On prétend encore prouver par ce principe, qu’il n’y a point de corps parfaitement dur dans la nature. La gradation qu’exige la loi de continuité, ne sauroit avoir lieu dans le choc des corps parfaitement durs ; car ces corps passeroient tout-d’un-coup du repos au mouvement, & du mouvement en un sens au mouvement dans un sens contraire. Ainsi tous les corps ont un degré d’élasticité qui les rend capables de satisfaire à cette loi de continuité que la nature ne viole jamais. Sur quoi voyez Percussion. Nous devons cet article à M. Formey. (O)

Continuité, (Belles-Lett.) dans le poëme dramatique, c’est la liaison qui doit regner entre les différentes scenes d’un même acte.

On dit que la continuité est observée, lorsque les scenes qui composent un acte se succedent immédiatement, sans vuide, sans interruption, & sont tellement liées, que la scene est toûjours remplie. Voyez Tragédie.

On dit, en matiere de littérature & de critique, qu’il doit y avoir une continuité, c’est-à-dire une connexion entre toutes les parties d’un discours.

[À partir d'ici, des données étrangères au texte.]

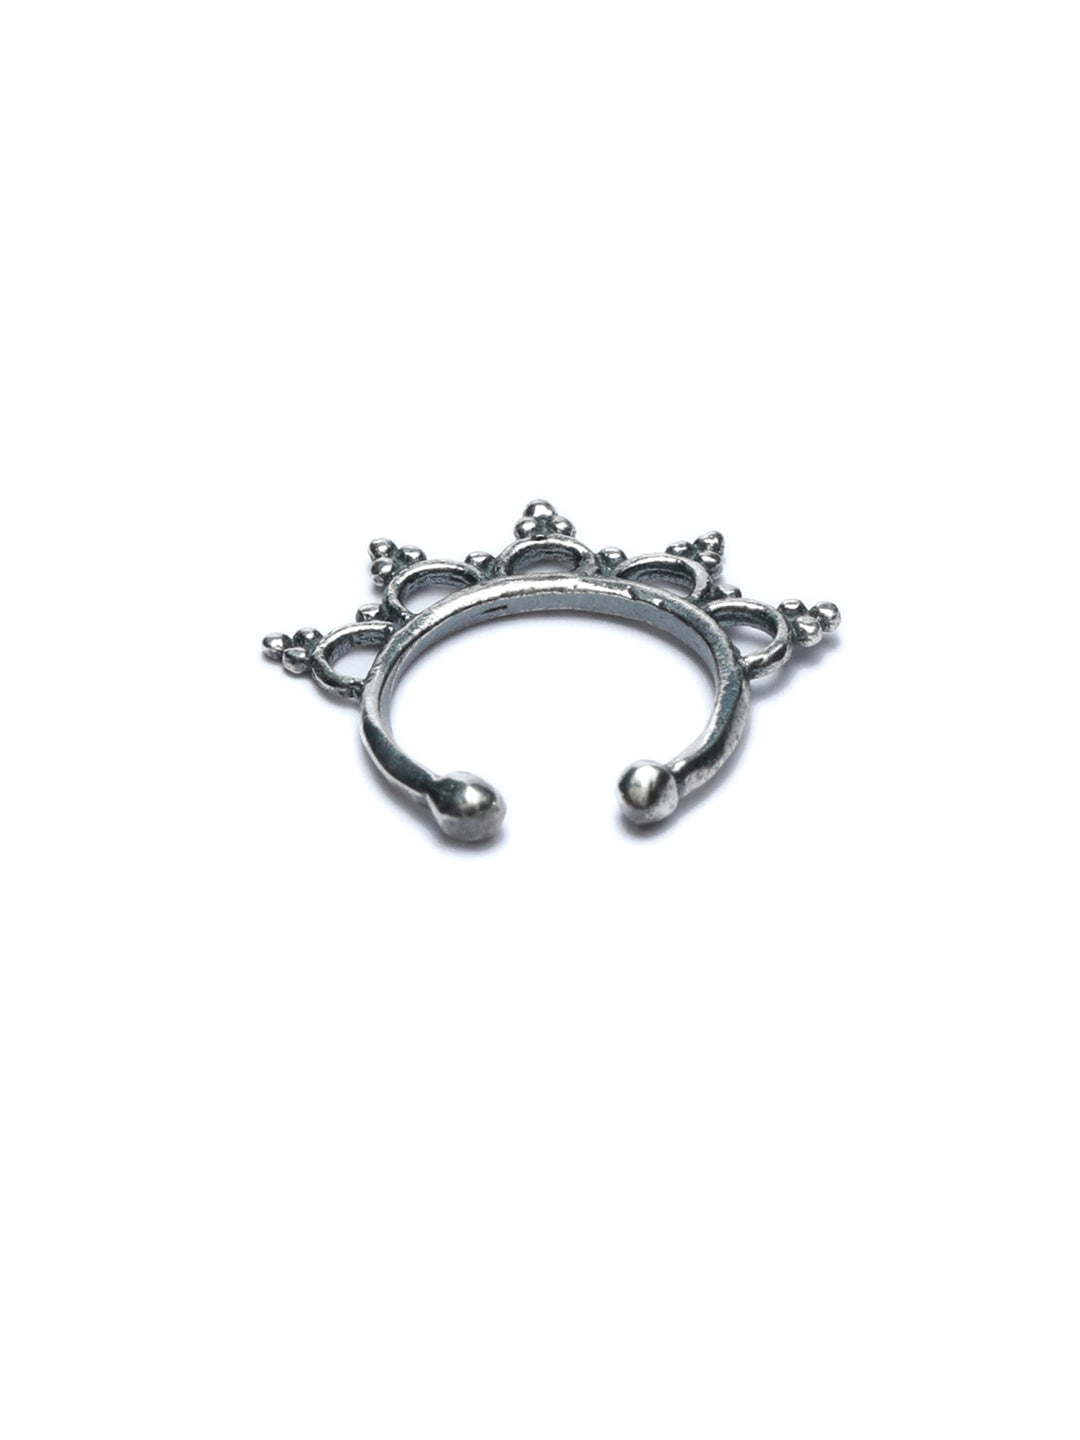 Oxidised Silver Vintage Septum Nose Ring
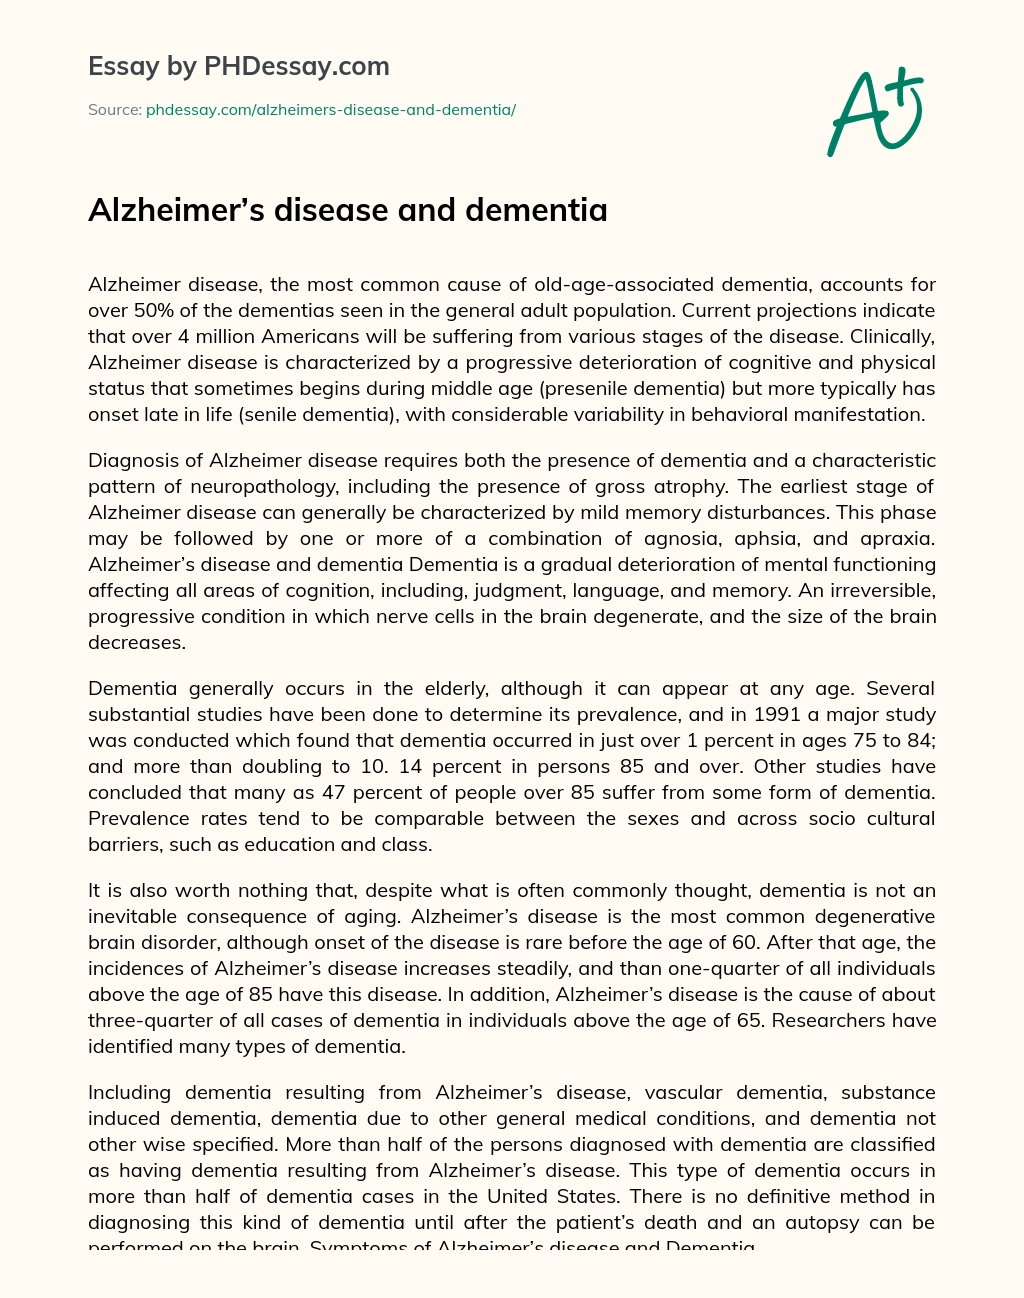 Alzheimer’s disease and dementia essay

Dans le poëme épique particulierement, l’action doit avoir une continuité dans la narration, quoique les évenemens & les incidens ne soient pas continus. Si-tôt que le poëte a entamé son sujet, & qu’il a amené ses personnages sur la scene, l’action doit être continuée jusqu’à la fin ; chaque caractere doit agir, & il faut absolument écarter tout personnage oisif. Le Paradis perdu de Milton s’écarte souvent de cette regle, dans les longs discours que l’auteur fait tenir à l’ange Raphael, & qui marquent à la vérité beaucoup de fécondité dans l’auteur pour les récits, mais nuisent à l’action principale du poëme, qui se trouve comme noyée dans cette multitude de discours. Voyez Action.

Le P. le Bossu remarque qu’en retranchant les incidens insipides & languissans, & les intervalles vuides d’action qui rompent la continuité, le pcëme acquiert une force continue qui le fait couler d’un pas égal & soûtenu ; ce qui est d’autant plus nécessaire dans un poëme épique, qu’il est rare que tout y soit d’une même force ; puisqu’on a bien reproché à Homere, & avec vérité, qu’il sommeilloit quelquefois ; mais aussi l’a-t-on excusé sur l’étendue de l’ouvrage. (G)

CONTOBABDITES, sub. m. plur. κοντοϐαϐδιται, (Théolog.) hérétiques qui parurent dans le sixieme siecle. Leur premier chef fut Sévere d’Antioche, auquel succéda Jean le grammairien surnommé Philoponus, & un certain Théodose dont les sectateurs furent appellés Théodosiens.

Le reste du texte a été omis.